Alsya mengangguk, "Terima kasih Dokter Elise."
"Anda juga bisa melakukan perawatan mandiri, misalnya mengonsumsi makanan sehat dan bergizi seimbang. Mencukupi waktu tidur, berolahraga secara rutin. Lalu, yang paling penting... Anda bisa menceritakan tentang apa yang tengah Anda rasakan pada keluarga atau orang terdekat."
Arya mengelus kepala Alsya, "Kamu sudah dengar kan, jadi... mulailah terbuka padaku. Apapun ganjalan dalam hatimu, ceritakan padaku. Setidaknya jika ada beban dalam hatimu, beban itu bisa dibagi denganku. Jadikan aku sandaran hidupmu mulai sekarang, Sya."
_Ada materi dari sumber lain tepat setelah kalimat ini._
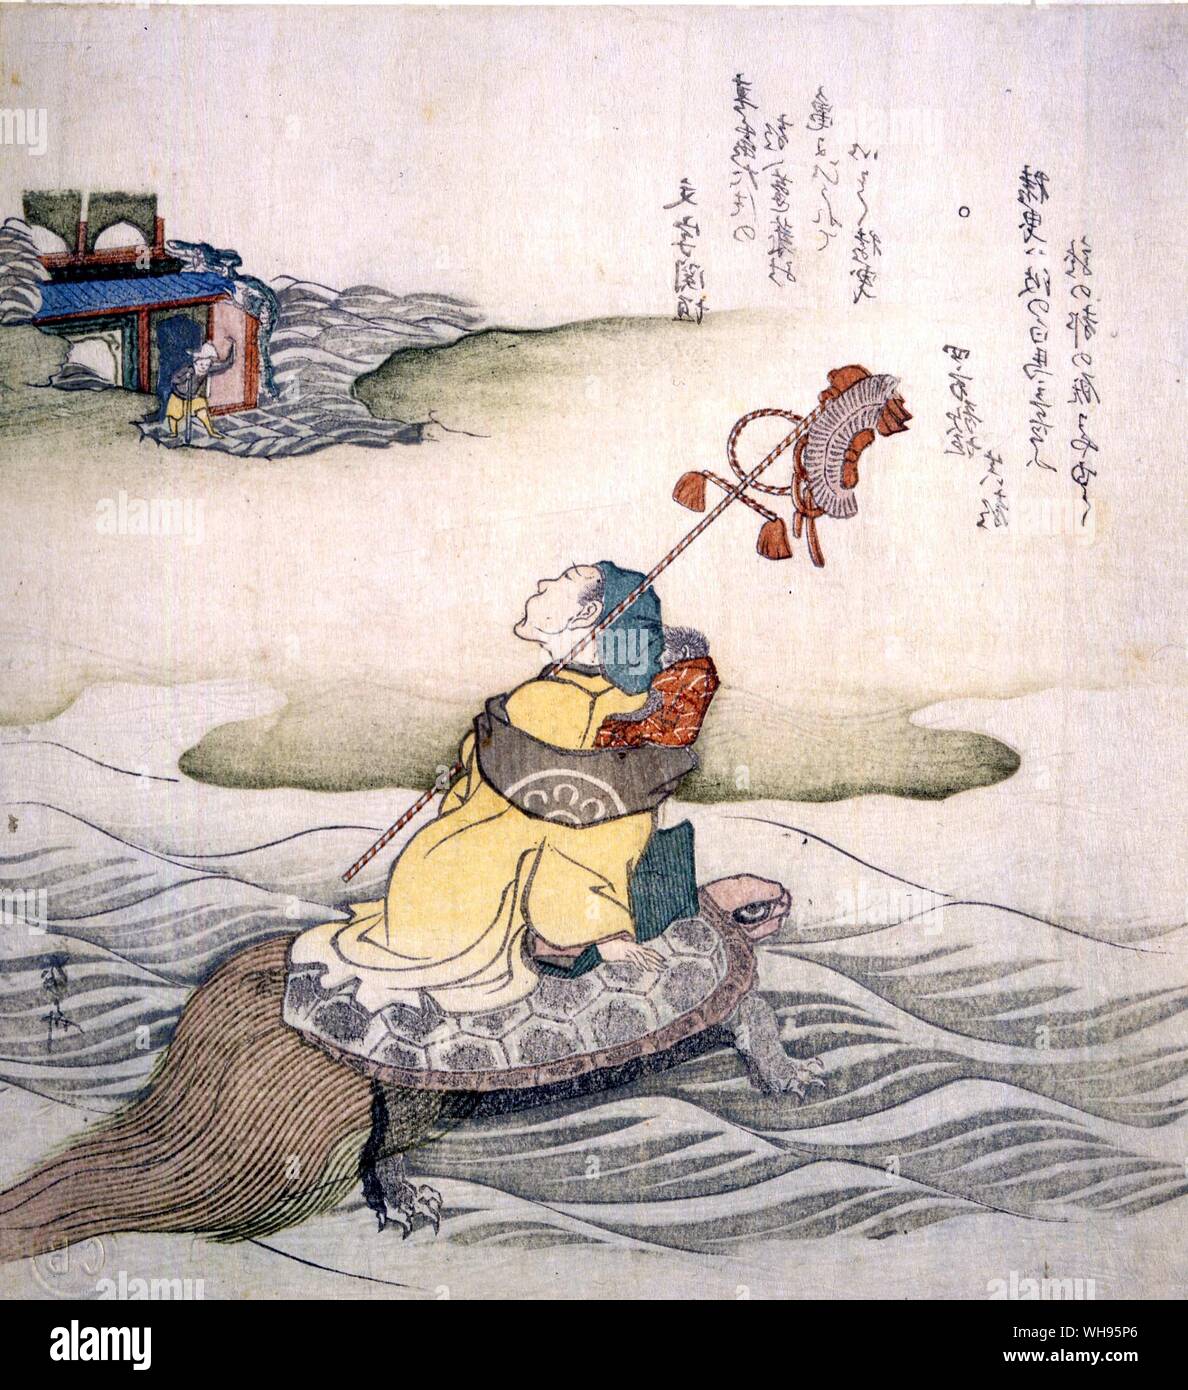 Art - Japanese - graphic. Urashima Taro on a turtle on his underwater journey by Shinsai, c.1870.. . Stock Photo

"Makasih ya, Mas. Kamu terlalu baik padaku, padahal aku hanya wanita yang tidak beruntung dalam hidup... apalagi setelah kejadian itu."
"Setelah kamu memulai hidup bersamaku, hanya ada keberuntungan dan kebahagiaan yang menanti untukmu. Aku nggak akan berjanji, Sya... tapi aku akan berusaha membuat segalanya mudah bagimu."
Alsya tersenyum penuh haru, ia tersentuh oleh kegigihan Arya sejak mengejarnya. "Kamu tau, Mas? Dua keberuntungan sudah aku dapatkan... dicintai dengan penuh ketulusan olehmu dan juga hadirnya anakku. Kalian berdua adalah keberuntungan paling besar bagiku."
Arya membalas senyuman calon istrinya, bahkan mereka berdua lupa masih ada Dokter Elise di ruangan.
Tanpa ingin menganggu, Dokter Elise menyingkir dengan berjalan mengendap-endap pelan ke arah pintu untuk keluar dari kamar.
Tak jauh dari kamar Alsya, ada Brian yang sedang bercanda dengan Ammar dan juga keberadaan Keindra.
Melihat Dokter Elise berjalan ke arahnya, Keindra menghampiri wanita dewasa itu. "Bagaimana keadaan Alsya, Dok?"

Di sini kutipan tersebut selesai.